The hardware platform supports
TNN Through integration OpenVINO and TensorRT The way New server X86 and NVIDIA Hardware support , It can quickly obtain the latest optimization results of hardware manufacturers , It can also add custom implementation based on the structural characteristics of business model to achieve the ultimate performance . At the same time, considering the limitation of desktop applications on the size of the installation package ,TNN adopt JIT And manual optimization to achieve lightweight X86 Back end , The overall library size is only 5MB about .
Model operators support
TNN The new version stay CV Class model support extends to 3D-CNN、LSTM、BERT And so on , The total number of operators is from 88 An increase to 107 individual , The new operators include LSTM、GridSample、Histogram、OneHot、BitShift、Gather、ScatterND、LayerNorm、GroupNorm、GELU、SoftSign、Erf etc. .
02
Ease of use
Dynamic dimension and preprocessing support
TNN Previous versions mainly supported CV Class model , Network input is basically NCHW4 And the value of each dimension is basically unchanged . and NLP In this scenario, the same network will have 0 Dimension to 6 The d , And the value of each dimension changes according to the input . So TNN New input dimension configuration interface , In the model operator 、 Hardware 、 A lot of supplements and improvements have been made to the system support .

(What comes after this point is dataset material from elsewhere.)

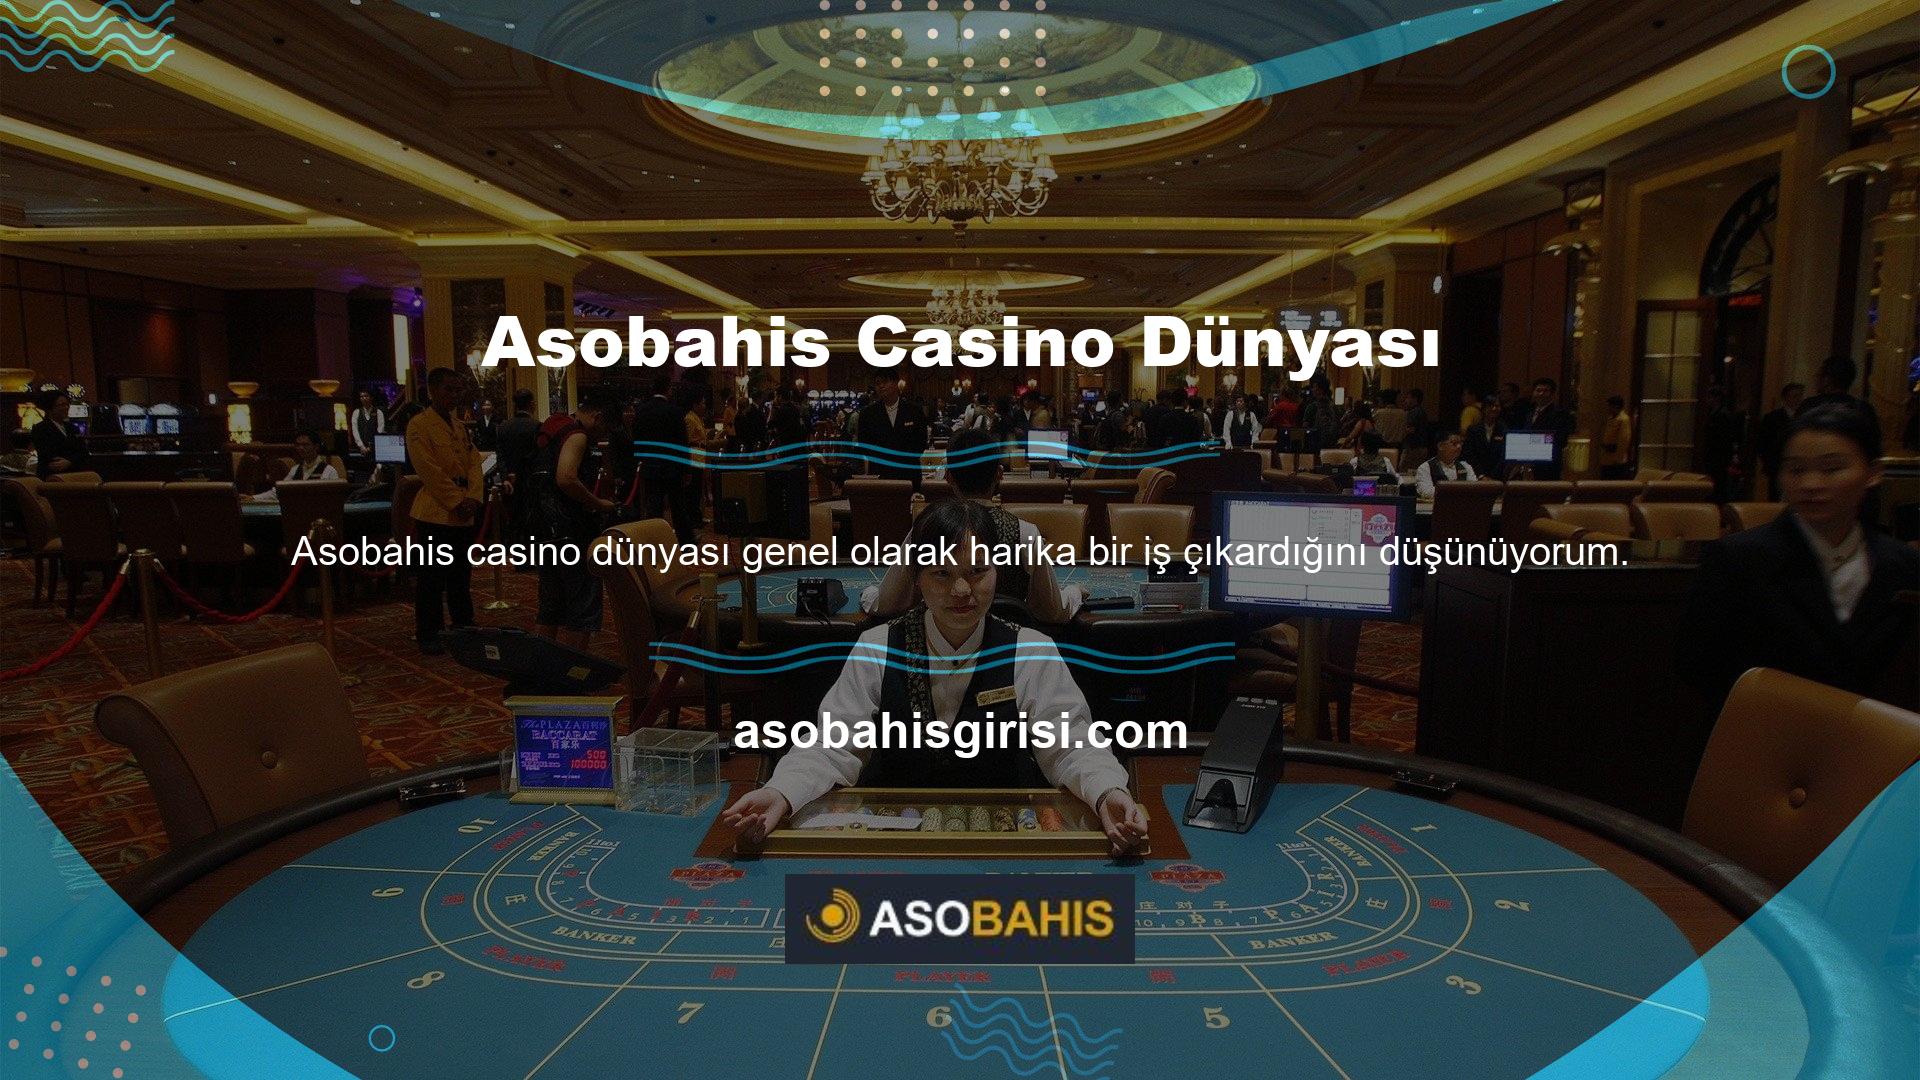 Asobahis eleştirileri casino dünyasındaki tüm kullanıcılar için yeterli olmayabilir
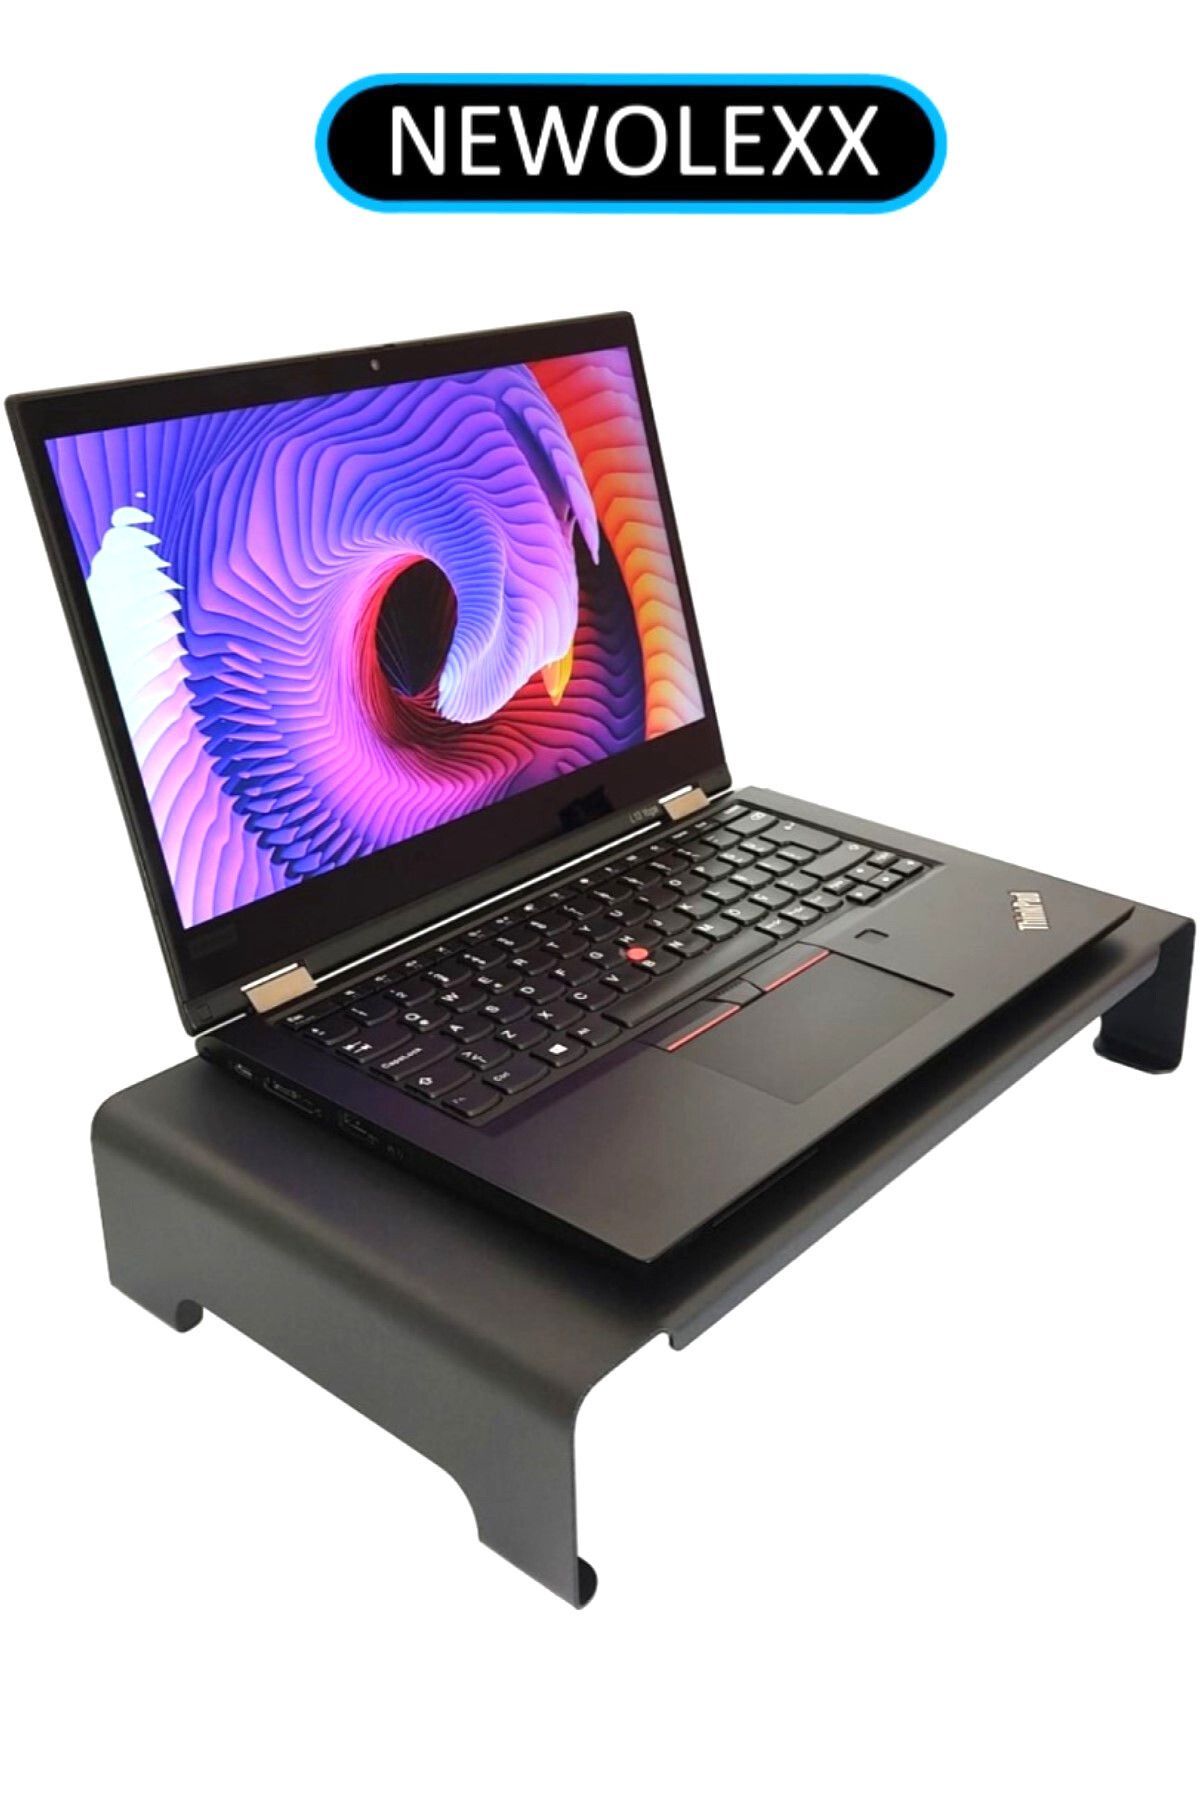 NEWOLEXX Çok Amaçlı Monitör Laptop Notebook Yazıcı Standı Yükseltici Altlık Siyah

API The interface of Mat The related interfaces have been expanded , Including copy filling function (CopyMakeBorder), convenient SDK Developers do network preprocessing and post-processing acceleration . at present TNN Clipping is supported (Crop)、 The zoom (Resize)、 Color space conversion (CvtColor)、 Affine transformation (WarpAffine) And copy fill (CopyMakeBorder) And so on .
Runtime constant collapse
onnx When a model is exported from a model, many adhesive operators are generated to calculate constants and data Shape Information about ,TNN Realized ConstFolder Constant folding function to simplify the model structure and improve the running performance of the model . Compared to open source community tools onnx-simplifier,ConstFolder Added to Israel ATen Support for formal output operators , At the same time, it supports the folding of runtime constants to support the requirement of model variable dimension .TNN At run time, the operators of variable dimension calculation part are extracted separately NAIVE( pure C++) perform , To lighten the hardware device(ARM、Metal、OpenCL) The pressure is realized by the operator of .
Example show
With the support of Tencent Light & shadow and Tencent optical flow team , Hair dyeing and body posture TNN The sample in TNN It has been released in a small version of the intermediate iteration , And show a good algorithm effect . This time with the release of a new version , We added mobile Chinese OCR Examples and desktop side / Background end BERT Reading comprehension examples .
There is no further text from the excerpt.